In this paper, a method for the quick and accurate segmentation of cucumber seedlings in seedling trays in a greenhouse environment is proposed. The RGB color space was chosen, the cucumber seedlings were identified as targets, the grayscale operator was optimized by the genetic algorithm, and then the images were segmented via the Otsu algorithm. Finally, the morphological opening and closing operations and the area-based noise filtering method were used to denoise the images. The rapid and accurate segmentation of cucumber seedlings was achieved. The segmentation effect of this approach is robust. Compared to the commonly used 2G-B-R, CIVE, and other operators, the segmentation performance of this method is significantly improved and more robust under the three lighting conditions.

This method is usually useful in solving crop image recognition problems with complex backgrounds, variable illumination, and relatively small differences between the target and background. In addition, this method is also suitable for outdoor farmland environments where lighting conditions vary widely, and the objects of image segmentation are not limited to cucumber seedlings but can be most green plants. Moreover, the algorithm does not require a large amount of computation, is simple to implement, and is highly robust for image segmentation.

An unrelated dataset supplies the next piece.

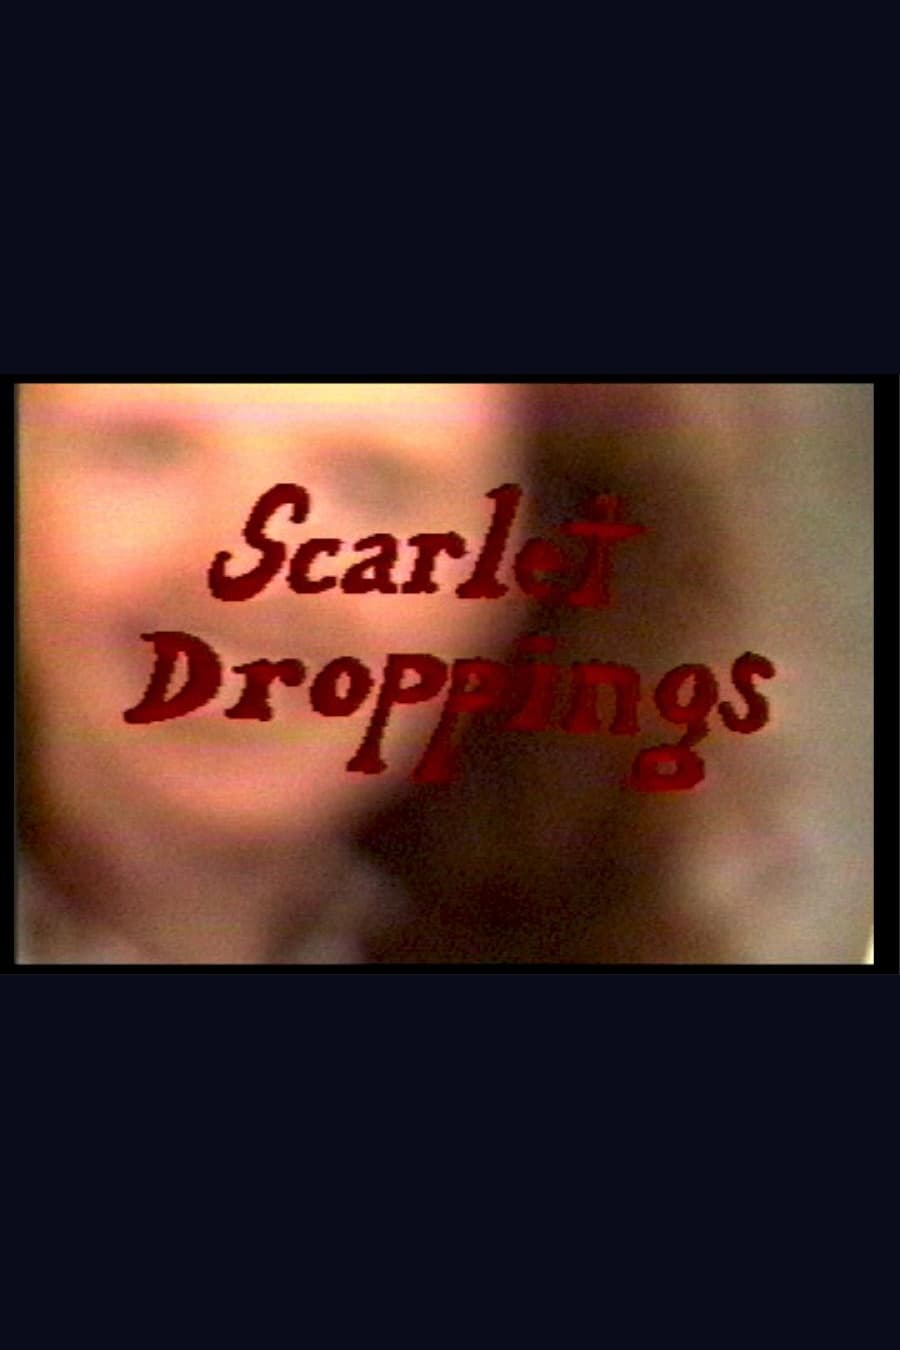 Scarlet Droppings (1991)

However, there are some drawbacks to this method. For example, when sample collection is carried out manually, the randomness of the collected foreground and background samples is high. If the collected pixel information is not sufficient and abundant, the results of the GA will be affected, and the segmentation effect of the operator will suffer. Meanwhile, the standard images are obtained by manual segmentation, which entails certain errors and will have some impact on the experimental results.